Hurricane

This is the second model I’m building from Mick Reeves, the first being his FW190D. So to keep with the 1/6th scale I decided to build the Hawker Hurricane, which has a wingspan of 80” and fuselage length of 64”. All up weight should be around 11lb, but mine will probably weigh slightly more, as I’m installing a ryobi 31cc petrol strimmer engine upfront, which I converted myself. This model shall also feature retracts on the main units with home made functional oleos and robart wheels. The wing is already covered with epoxy and glass cloth, as is tail plane, elevators, fin and rudder. The stringers on the fuselage will be covered in nylon and the rest of the fuselage will be glass clothed. Radio gear shall mainly be standard in terms of servos except for a slightly more powerful one on the elevators, one servo per aileron, futaba pcm receiver and at least a1500mah battery pack. Building this model has been a little bit slow (that’s just me!!) but enjoyable, only real problem being the firewall moved back 2” because of the length of the engine. I hope to have the model-finished springtime ready for another terrific summer (we all hope) As I fly at RAF Coltishall, where the very legendary Douglas Badar was stationed for some of the Second World War, it seems only right to finish the model in the livery of 242 squadron with LED as the appropriate markings in respect for Badar.

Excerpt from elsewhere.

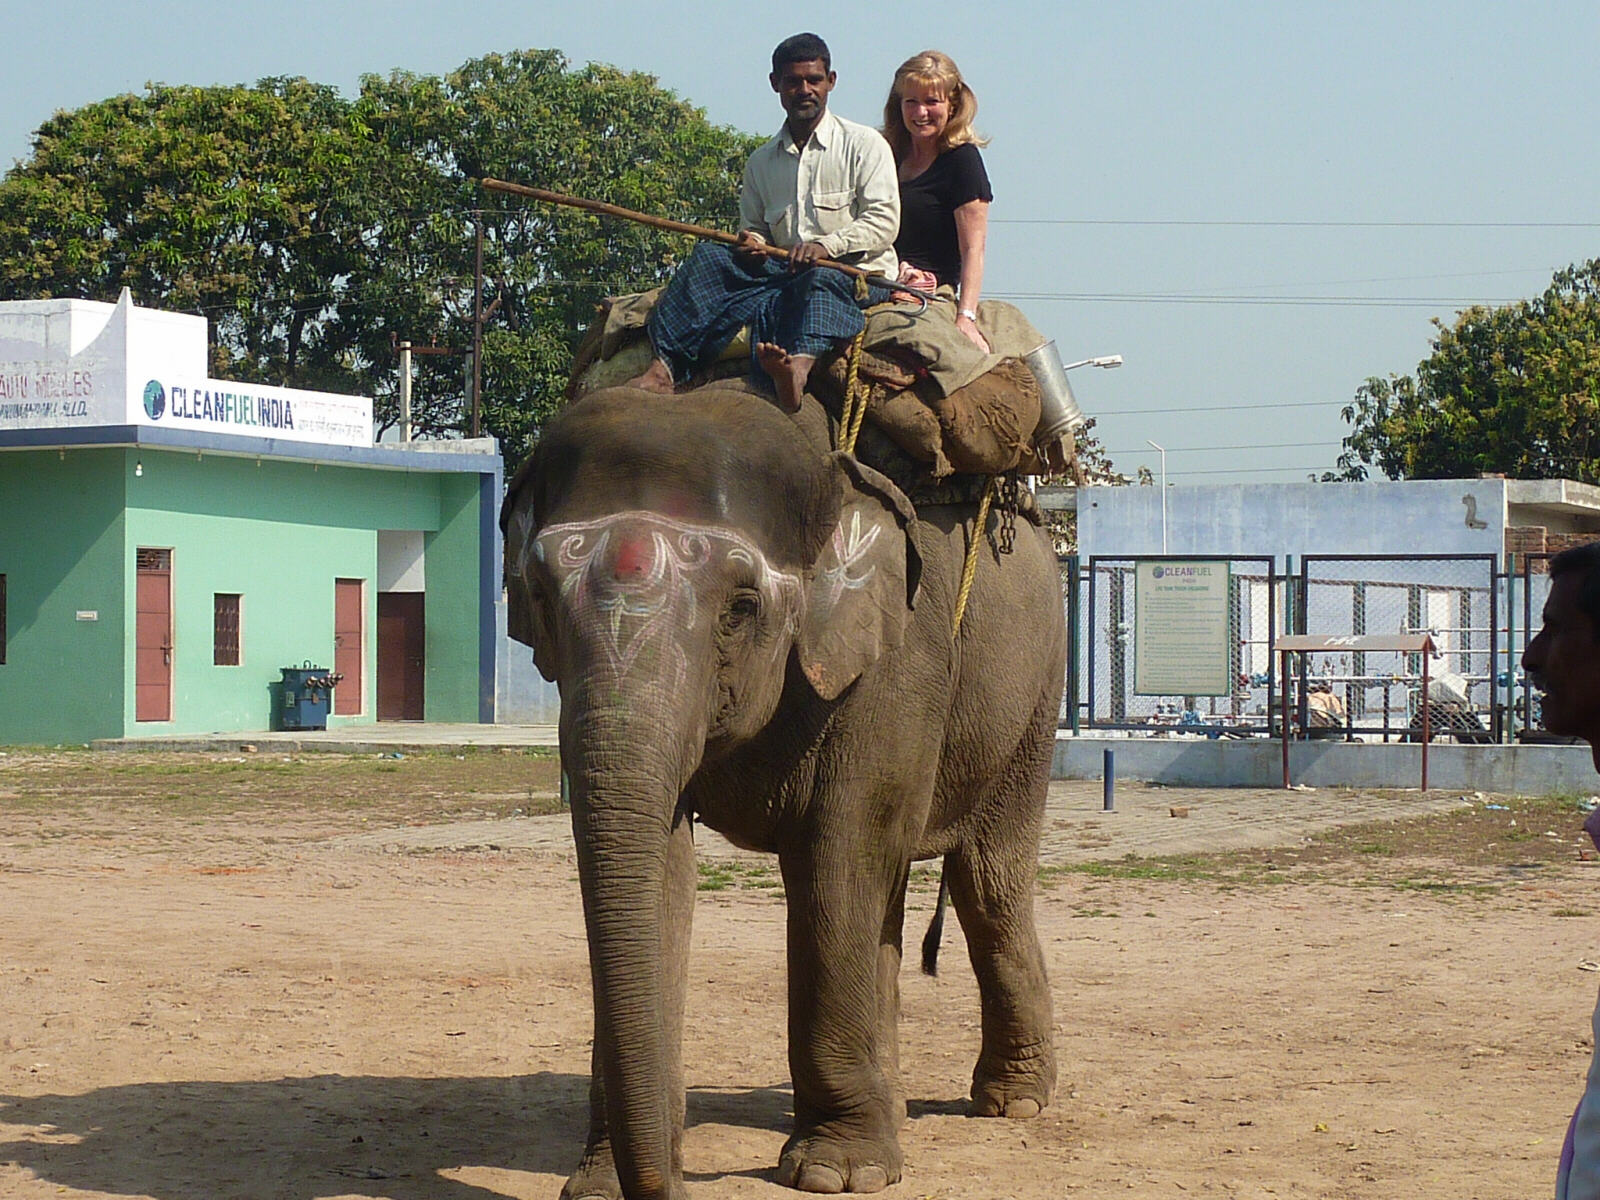 An elephant ride on the road to Varanasi, India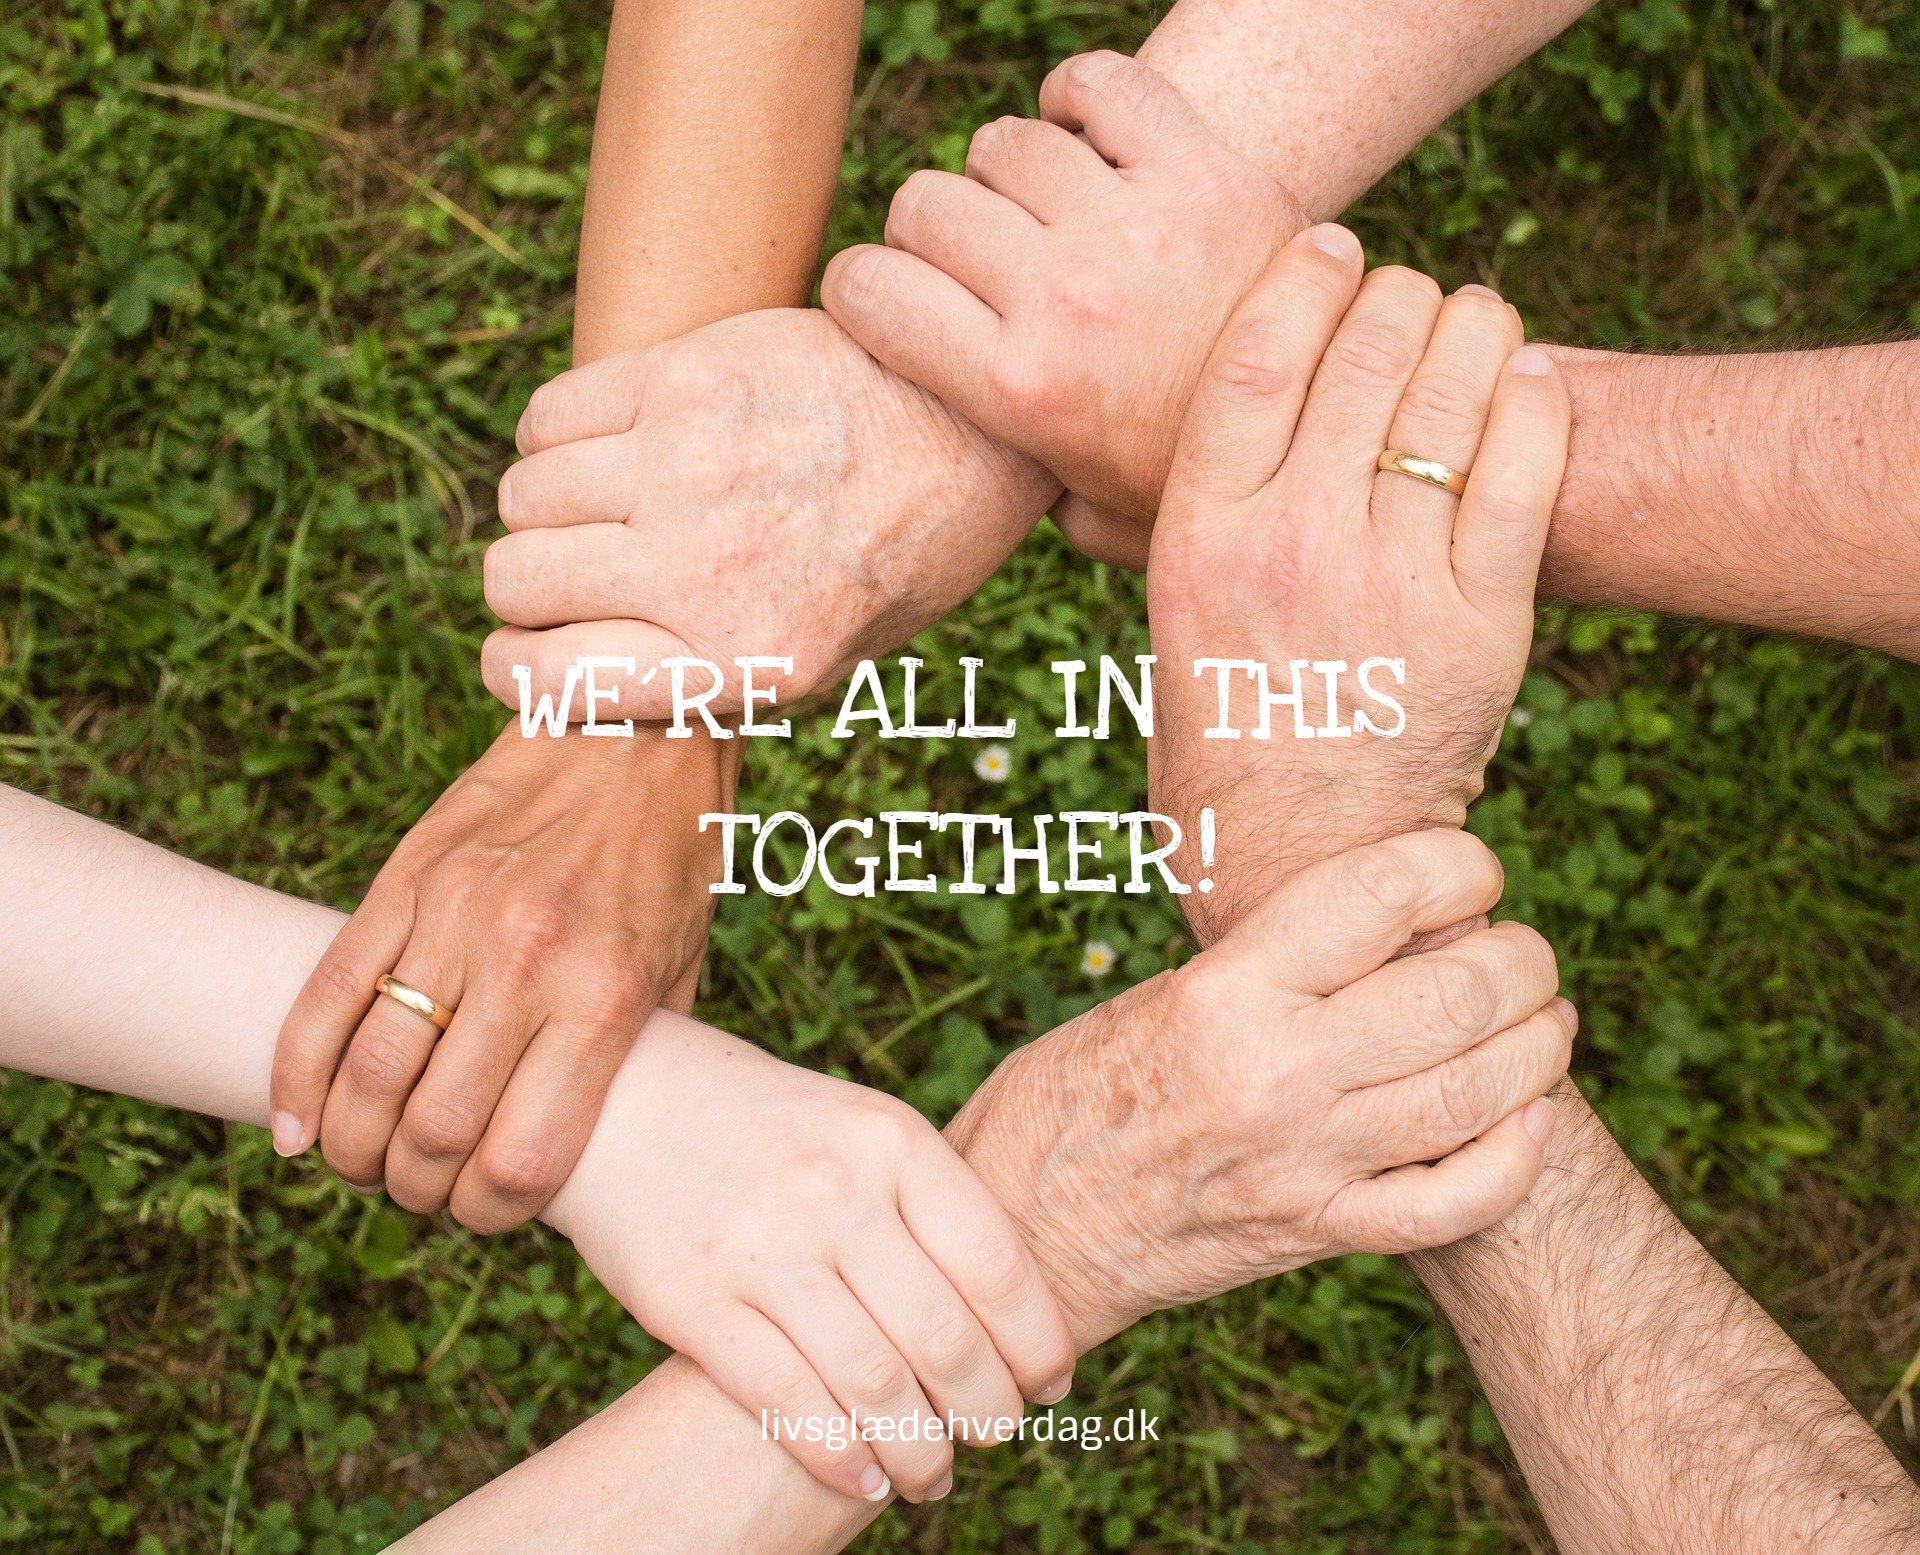 Seks hænder som griber om hinanden og teksten: We´re all in this together!

The Hawker Hurricane was the first operational R.A.F. aircraft capable of a top speed in excess of 300 m.p.h.
The design of the Hurricane, directed by Sydney Camm, was the outcome of discussions with the
Directorate of Technical Development towards the end of 1933, aimed at breaking the deadlocked
biplane formula. In these discussions Camm proposed a monoplane, based otherwise on his Fury biplane,
using the proposed new Rolls-Royce P.V.12 engine (later to become the Merlin), and in time incorporating
a retractable undercarriage. Originally, in concert with current armament requirements, a four-gun battery
was proposed; but in 1934, with successful negotiations to licence-build the reliable Colt machine gun,
it was deemed possible to mount an eight-gun battery in the wings, unrestricted by the propeller arc
and thus dispensing with synchronising gear.
The first Fighter Command squadron to receive Hurricanes was No. 111, commanded by Sqdn. Ldr. John Gillan,
based at Northolt before Christmas 1937; and it was the squadron's C.O. who flew one of the new fighters
from Turnhouse, Edinburgh to Northolt, London at an average ground speed of 408.75 mph (659.27km/h)
- a feat which earned the pilot the nickname "Downwind Gillan" for all time. Nos. 3 and 56 Squadrons took
delivery during 1938, though the latter was not operational at the time of the Munich Crisis in September
of that year. By the outbreak of war a year later 497 Hurricanes had been completed from an order book
totalling no less than 3,500. At about this time the Gloster Aircraft Company started sub-contract
manufacture of the standard Mark 1, which was now emerging from the factories with metal wings and
three-blade variable-pitch propellers. One final refinement was adopted between the outbreak of war and
the opening of the Battle of Britain; this was the Rotol co
nstant-speed propeller which, apart from enabling the pilot to select an optimum pitch for take-off, climb,
cruise And combat (thus bestowing a better performance under some of these conditions) also prevented
the engine from overheating in a dive.
A total of 1,715 Hurricanes flew with Fighter Command during the period of the Battle, far in excess of all
other British fighters combined. Having entered service a year before the Spitfire, the Hurricane was
"half-a-generation" older, and was markedly inferior in terms of speed and climb. However, the Hurricane was
a robust, manoeuvrable aircraft capable of sustaining fearsome combat damage before write-off; and unlike
the Spitfire, it was a wholly operational, go-anywhere do-anything fighter by July 1940. It is estimated that its
pilots were credited with four-fifths of all enemy aircraft destroyed in the period July-October 1940.